Pubblicato: 18/11/2025 19:30

L’episodio che ha coinvolto Donald Trump e una giornalista di Bloomberg ha sollevato un’ondata di polemiche, concentrandosi non solo sul linguaggio offensivo utilizzato dall’ex presidente ma anche sulle tematiche delicate in discussione, in particolare il caso di Jeffrey Epstein. L’insulto, un mix di sessismo, body-shaming e persino richiami anti-animalisti per l’uso del termine “piggy” (“grassa come un maiale”), è stato pronunciato in un contesto formale, a bordo dell’Air Force One, durante il rientro di Trump a Washington.

L’insulto e il contesto

L’origine dell’attacco verbale risiede in una legittima domanda posta dalla reporter di Bloomberg, Catherine Lucey. La giornalista ha chiesto all’allora presidente la ragione del suo rifiuto di rendere pubblici i documenti relativi a Jeffrey Epstein, una figura controversa al centro di un vasto scandalo. La risposta di Trump è stata immediata e sferzante: l’ha guardata, le ha puntato il dito e le ha intimato in tono aggressivo: “Zitta, stai zitta, cicciona.” Questo epiteto in italiano è stato affiancato, secondo quanto riportato da diversi media americani, dall’uso di “piggy,” un termine che il tycoon ha già impiegato in passato in contesti denigratori. La condotta di Trump non si è fermata a questo singolo episodio. Successivamente, parlando con i giornalisti sulla pista d’atterraggio, ha rincarato la dose, suggerendo che Bloomberg avrebbe dovuto licenziare la Lucey per la sua domanda e la sua presenza.

Precedenti e pattern comportamentali

Questo specifico linguaggio non è nuovo nel repertorio comunicativo di Donald Trump. L’uso di “piggy” come strumento di offesa sembra essere un insulto “preferito” o, comunque, un pattern ricorrente nel suo modo di interagire, specialmente con le donne. Un caso emblematico risale alla sua campagna presidenziale del 2016, quando l’ex Miss Universo Alicia Machado denunciò un trattamento analogo. Machado, che vinse il titolo a soli diciannove anni quando Trump era comproprietario dell’organizzazione, dichiarò pubblicamente che il magnate l’aveva minacciata di revocarle il titolo dopo che era aumentata di peso. Questo episodio, così come l’attacco a Lucey, sottolinea un atteggiamento problematico nei confronti delle donne che si traduce in attacchi personali basati sull’aspetto fisico, ignorando il merito delle loro domande o delle loro realizzazioni professionali.

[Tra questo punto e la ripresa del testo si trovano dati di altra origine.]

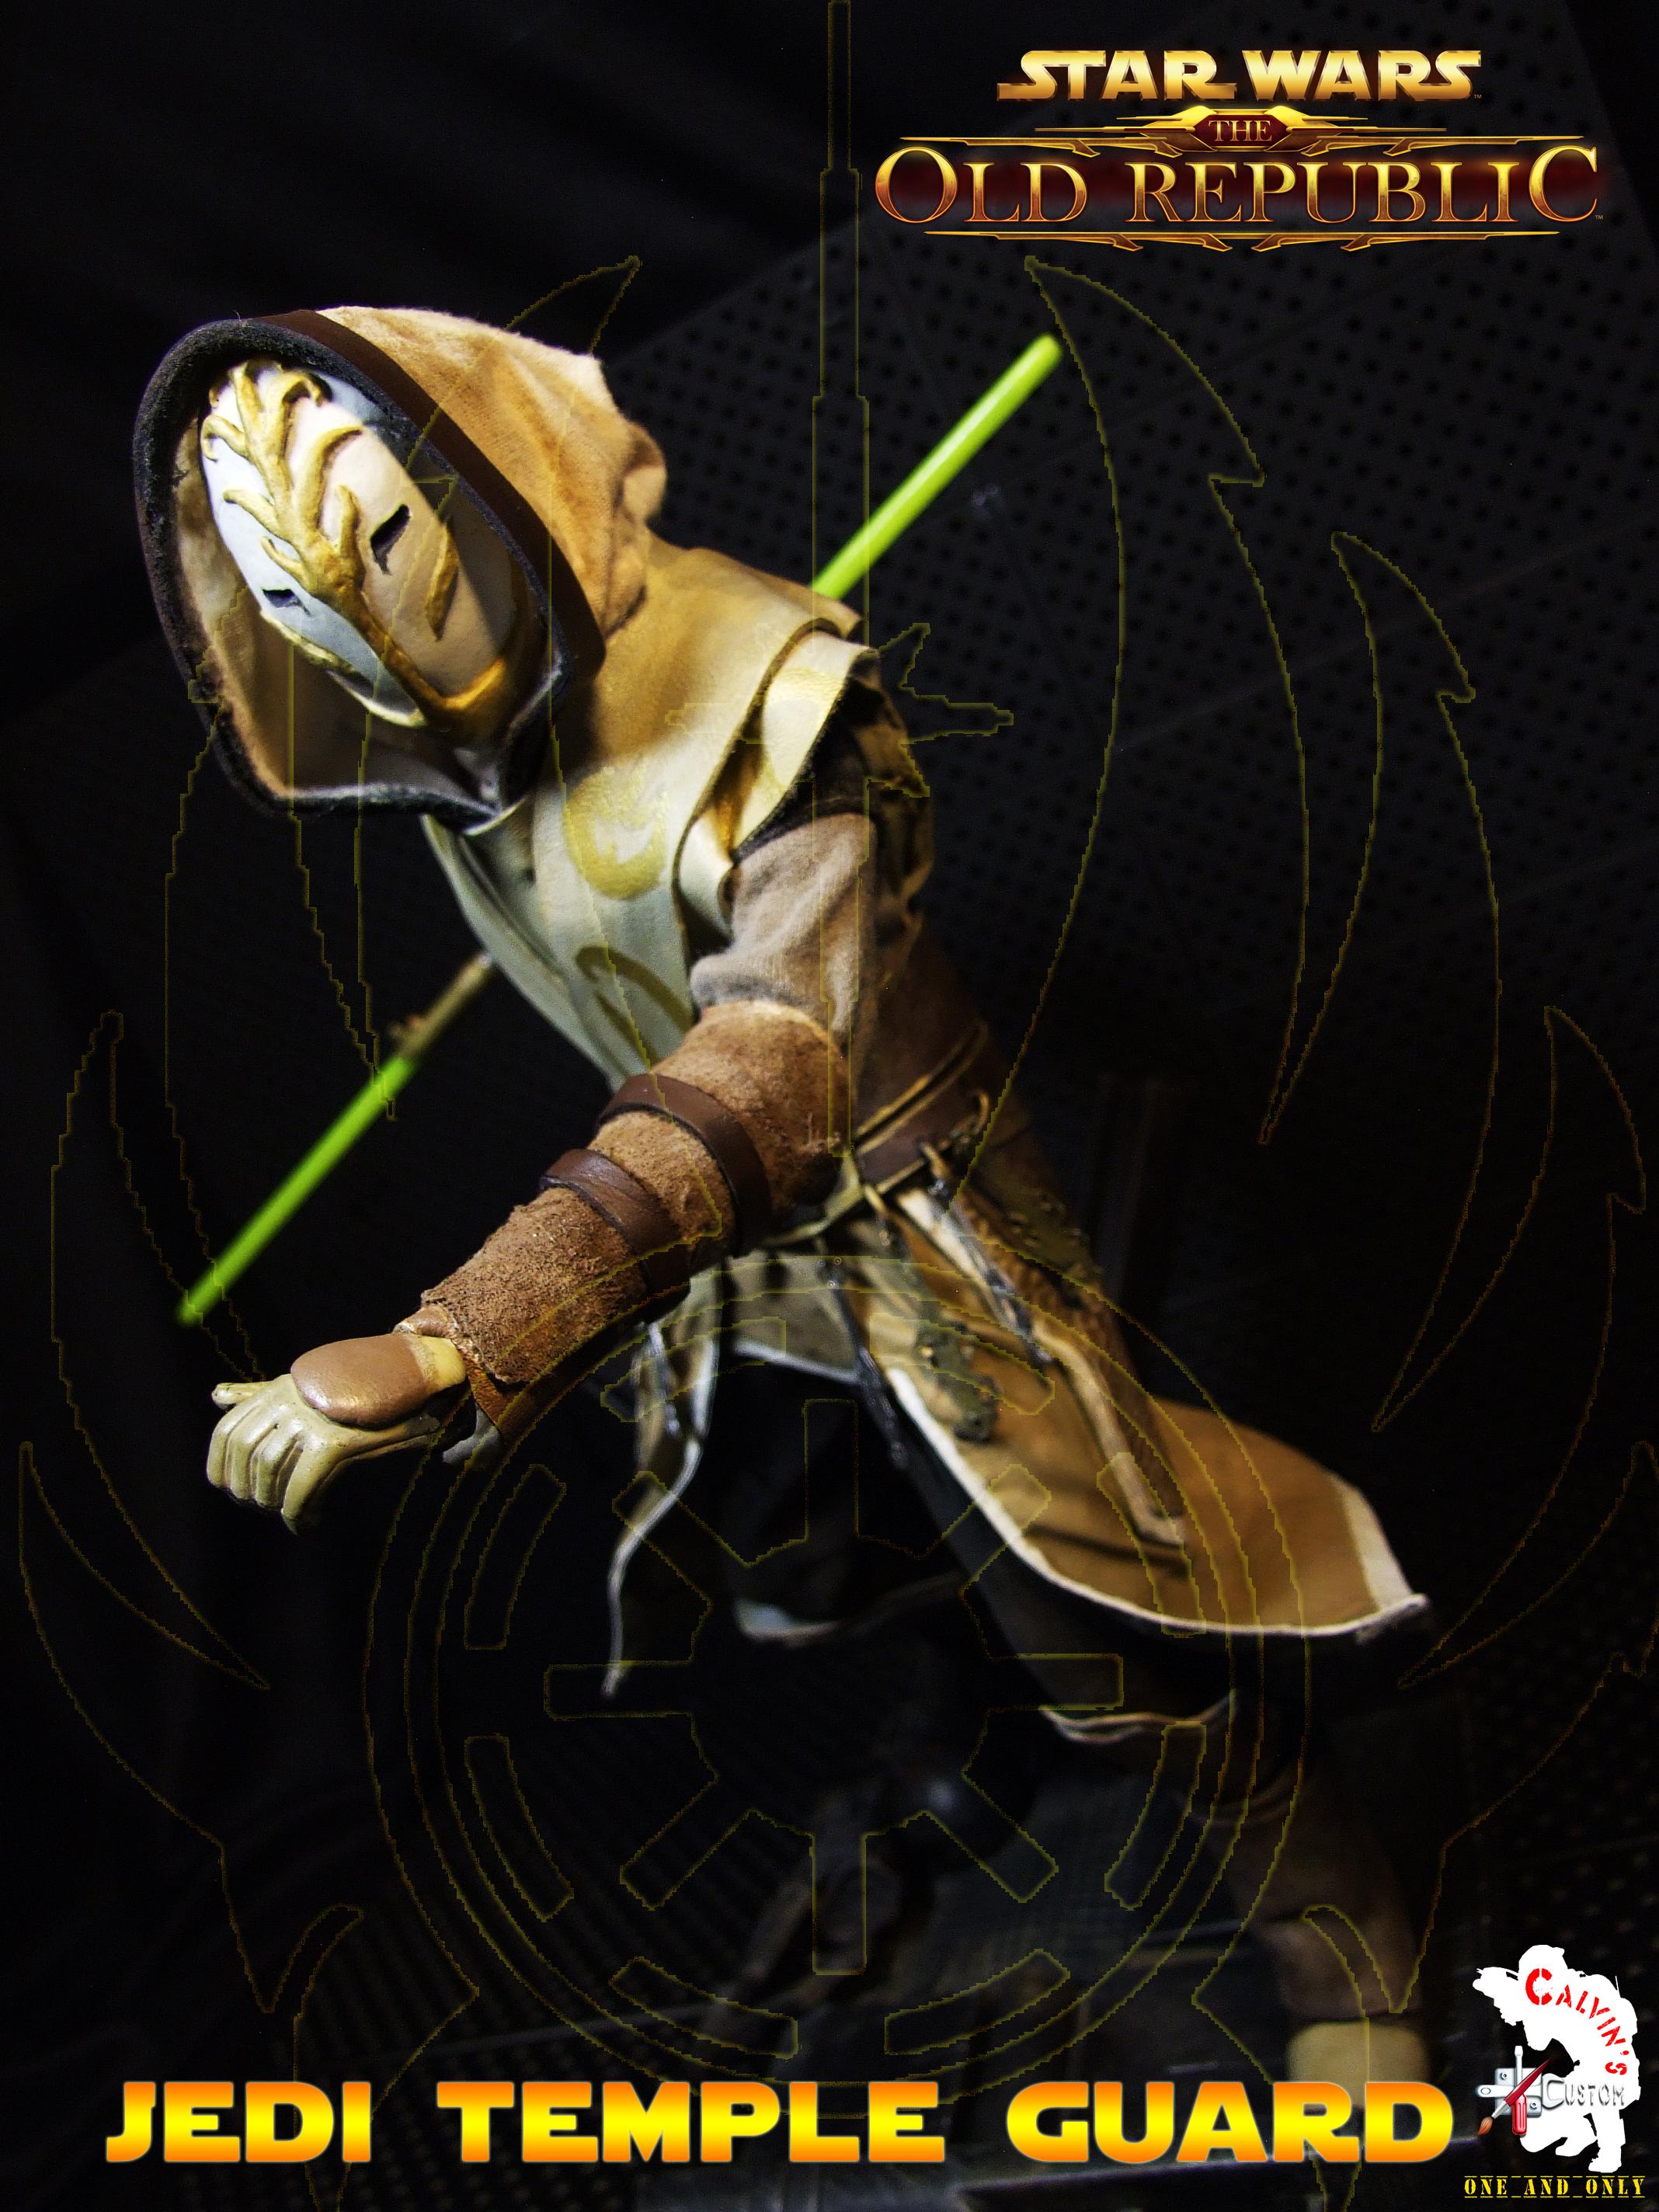 Calvin's Custom One Sixth Starwars the old republic JEDI TEMPLE GUARD figure
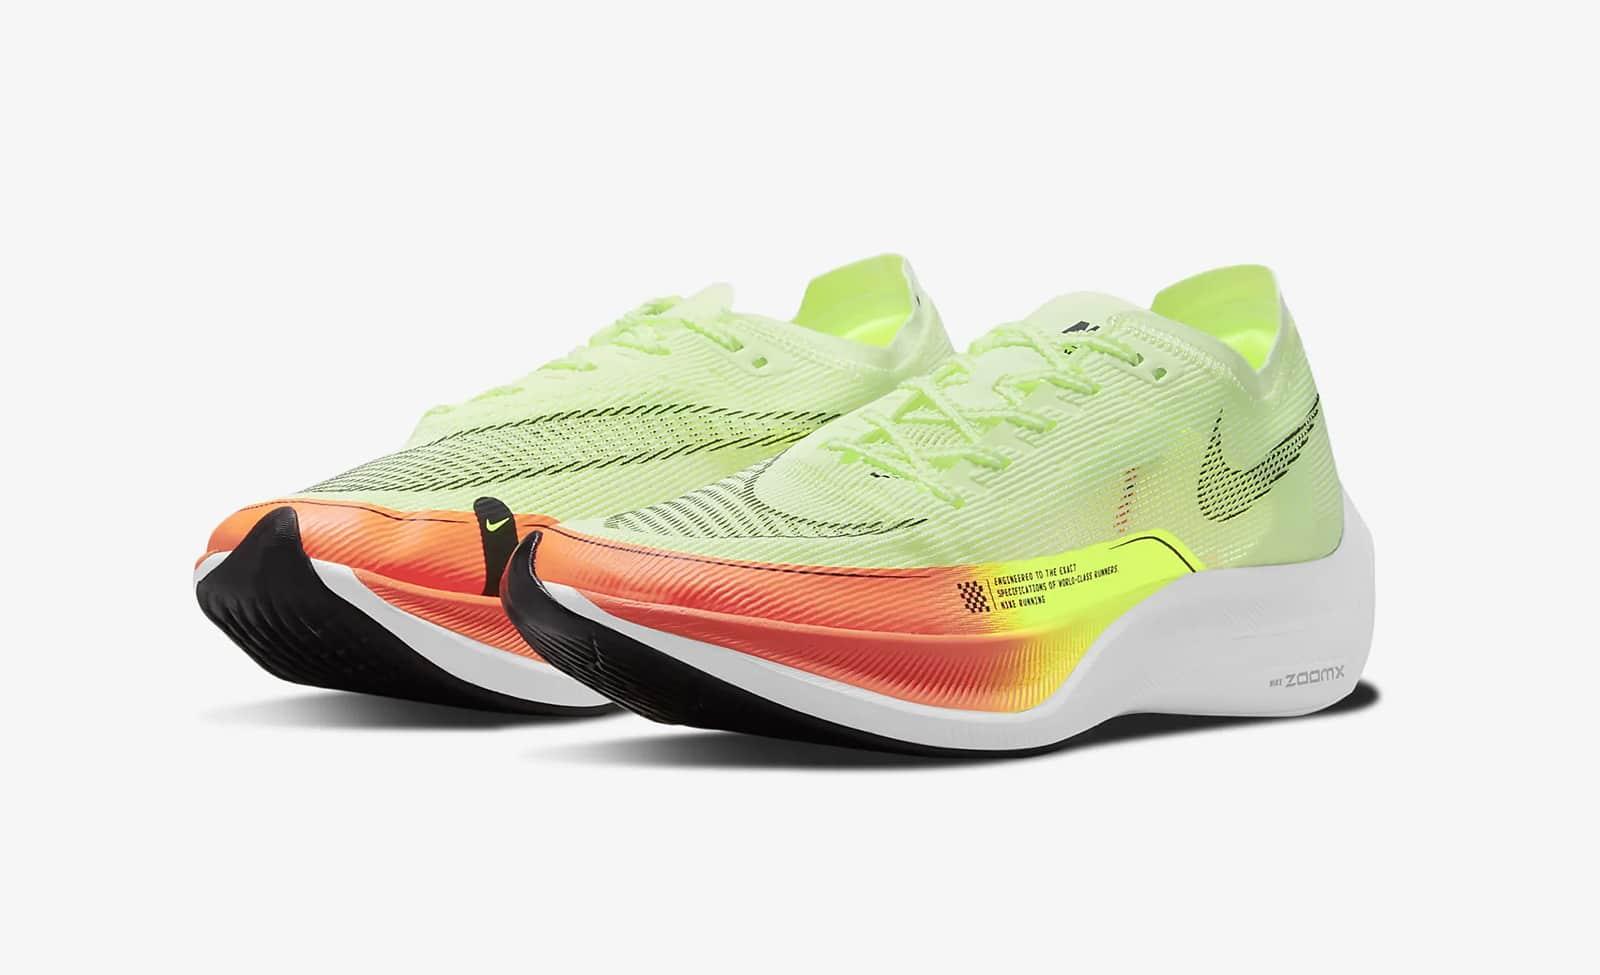 Nike Air Zoom Vaporfly NEXT% 2

La spinta legislativa per la trasparenza

L’episodio dell’insulto si è svolto in un momento di crescente pressione politica e mediatica per la declassificazione dei documenti del caso Epstein. Proprio in quei giorni, la Camera degli Stati Uniti era in procinto di votare un disegno di legge cruciale che mirava a divulgare tutti i file legati al finanziere pedofilo entro trenta giorni dall’entrata in vigore della misura. L’attenzione si è concentrata sul voto, previsto tra le 14 e le 20 locali, corrispondenti alle 20 e le 2 di notte in Italia, come riportato dalla CNN. Un gruppo bipartisan di deputati e senatori si era mobilitato, tenendo una conferenza stampa fuori dal Capitol Hill per esprimere la propria ferma convinzione che la risoluzione sarebbe stata approvata all’unanimità dalla Camera.

L’appello delle vittime e il sostegno politico

Accanto ai parlamentari promotori della risoluzione c’erano alcune delle vittime di Jeffrey Epstein. La loro presenza ha conferito un peso morale significativo all’iniziativa, accompagnato da un appello diretto e accorato alle autorità. Le vittime hanno chiesto con fermezza di “smetterla di strumentalizzare la vicenda per fini politici,” evidenziando come la loro sofferenza dovesse essere trattata con serietà e trasparenza, al di là delle diatribe di parte. Se la Camera avesse approvato la risoluzione, la misura sarebbe passata al Senato per la votazione finale, prima di essere inviata a Donald Trump per la firma definitiva. Il deputato Thomas Massie, repubblicano del Kentucky e uno dei principali promotori della legge, ha espresso un monito al Senato, dicendo: “Non rovinate tutto al Senato.”

Il cambio di posizione di Mike Johnson

La pressione per la divulgazione dei documenti ha portato a un significativo cambiamento nella posizione di importanti figure politiche. Lo speaker della Camera, Mike Johnson, ha annunciato il suo sostegno alla proposta di legge per la pubblicazione dei documenti sul caso Epstein. Questo annuncio è arrivato in un contesto in cui, per mesi, Johnson si era opposto al voto della misura, seguendo implicitamente le indicazioni di Donald Trump e sostenendo che la riservatezza fosse necessaria per proteggere la privacy delle vittime. Il repentino cambio di rotta di Johnson, comunicato ai repubblicani, è stato interpretato come una vittoria della trasparenza e della pressione pubblica sul caso Epstein, mostrando come il dibattito sulla verità e l’accesso ai file sensibili abbia superato le iniziali resistenze politiche.